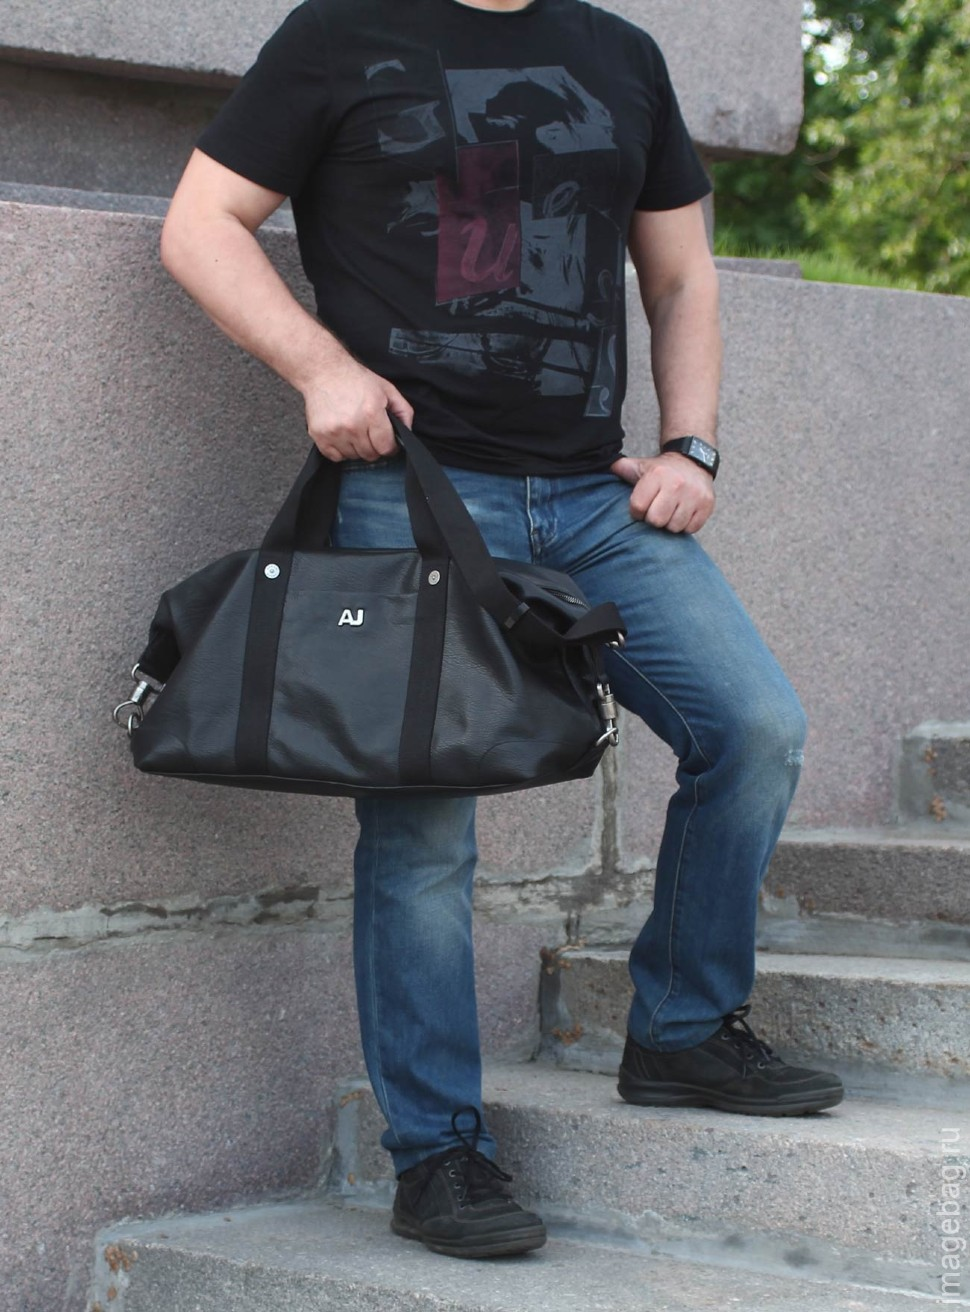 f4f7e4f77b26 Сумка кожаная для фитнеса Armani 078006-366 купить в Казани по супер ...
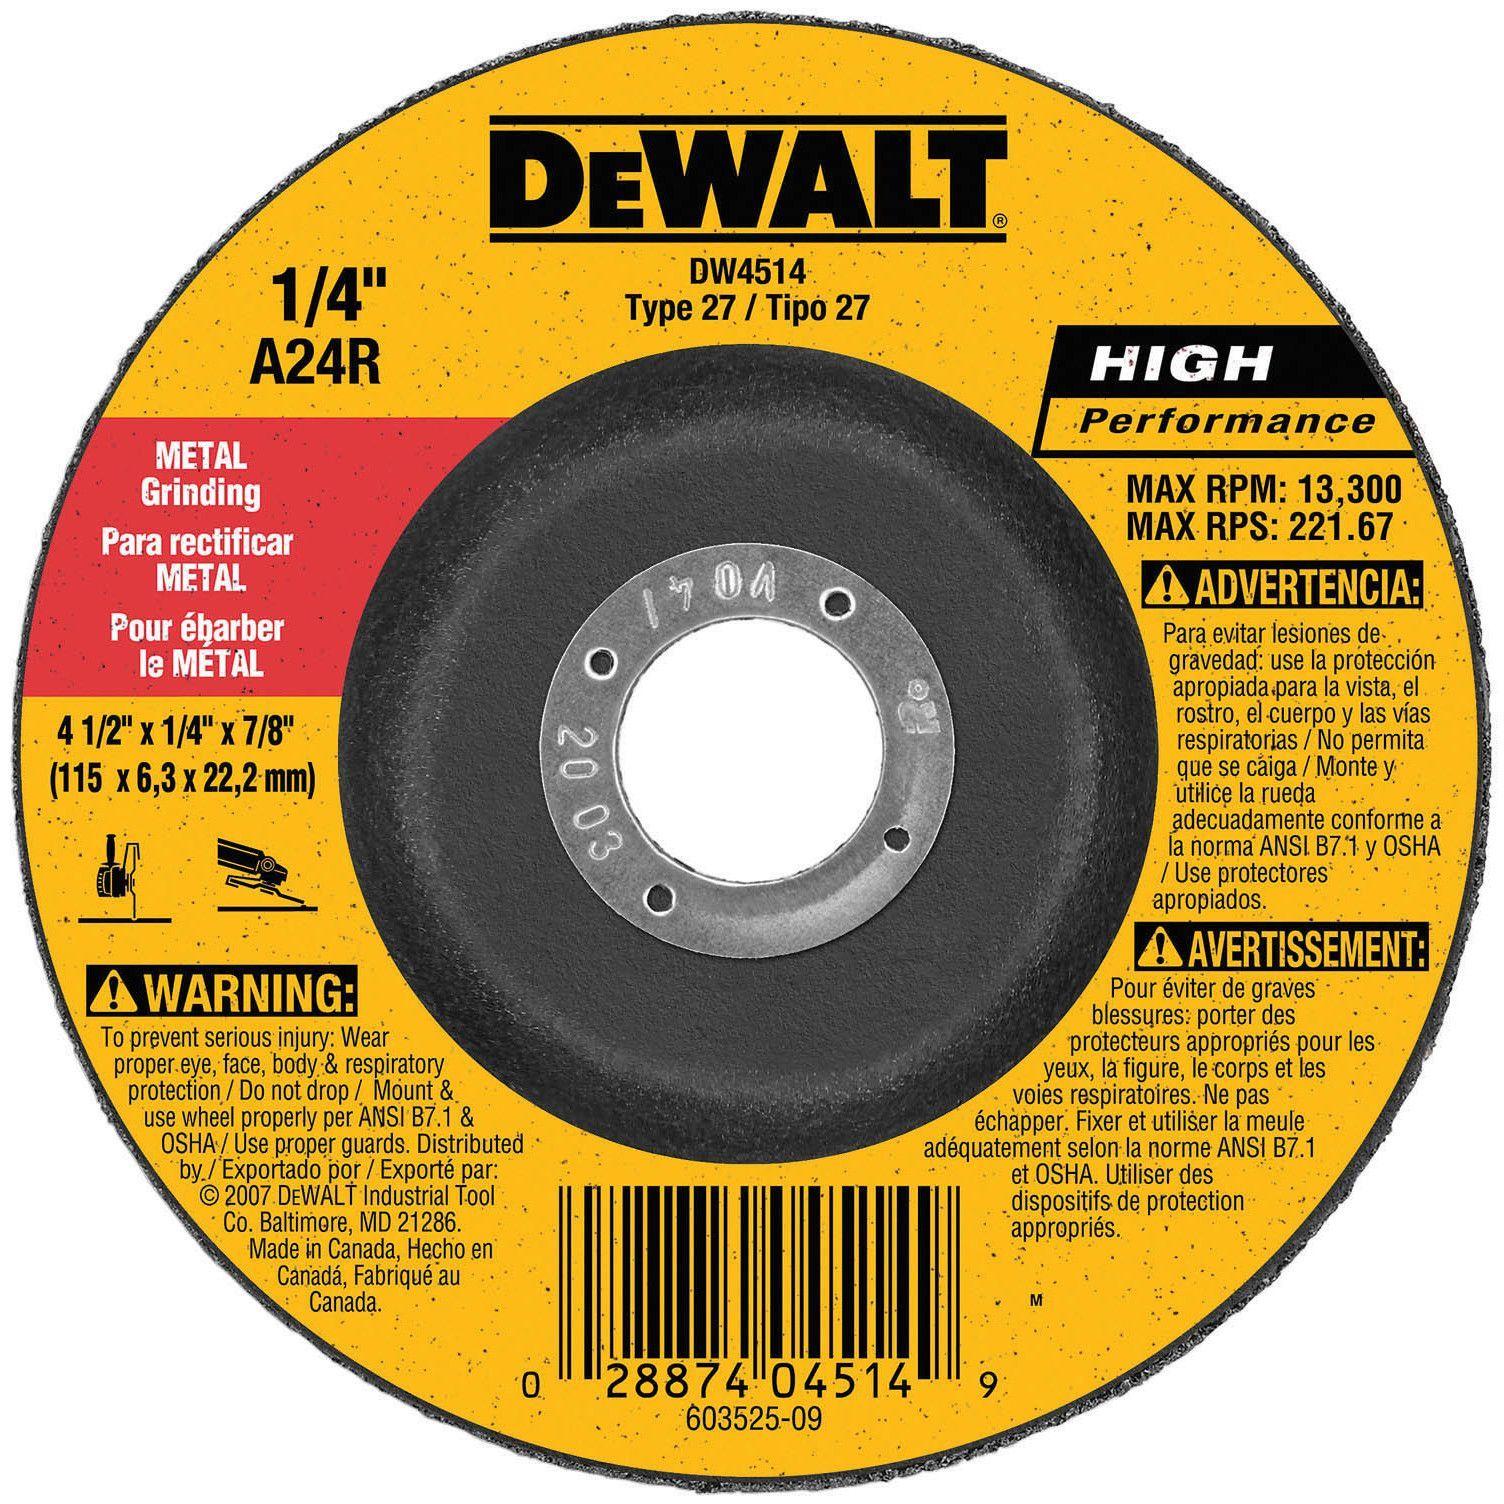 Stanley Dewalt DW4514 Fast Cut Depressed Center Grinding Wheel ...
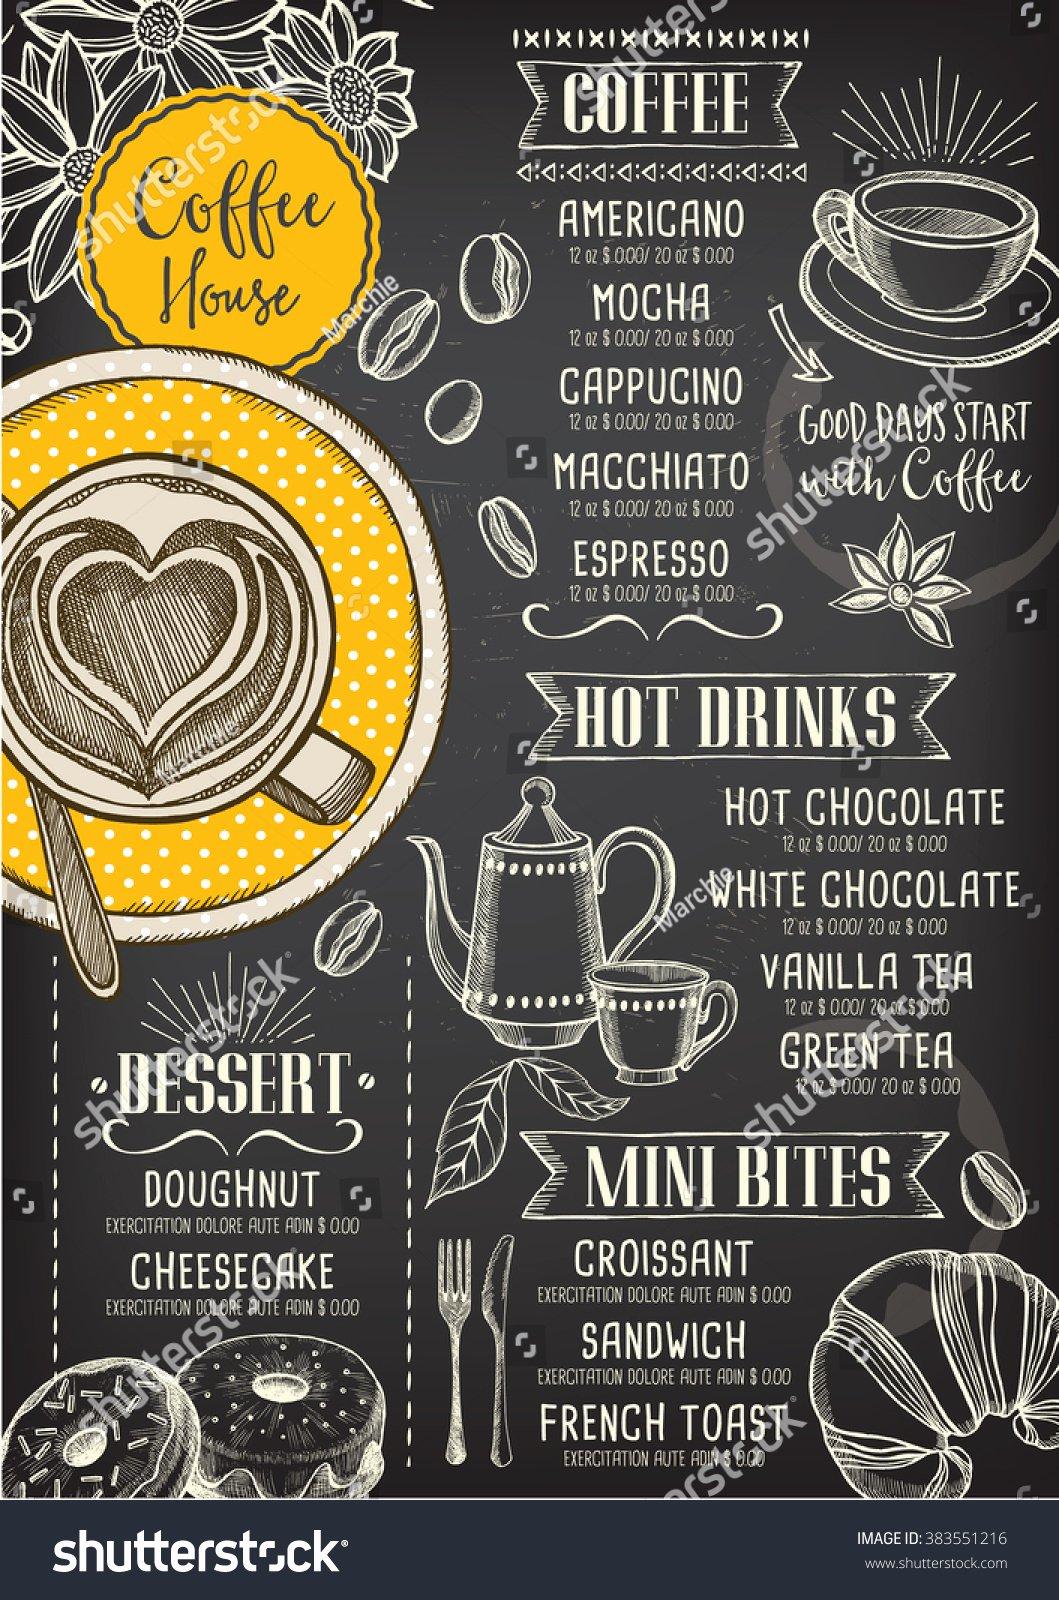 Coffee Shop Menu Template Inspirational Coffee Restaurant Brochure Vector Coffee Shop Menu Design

==============================

The task:
What you return should be all of the material above, exactly, and none of its pictures.

Solution for this problem:
 f4f7e4f77b26 Сумка кожаная для фитнеса Armani 078006-366 купить в Казани по супер ...
 Stanley Dewalt DW4514 Fast Cut Depressed Center Grinding Wheel ...
 Coffee Shop Menu Template Inspirational Coffee Restaurant Brochure Vector Coffee Shop Menu Design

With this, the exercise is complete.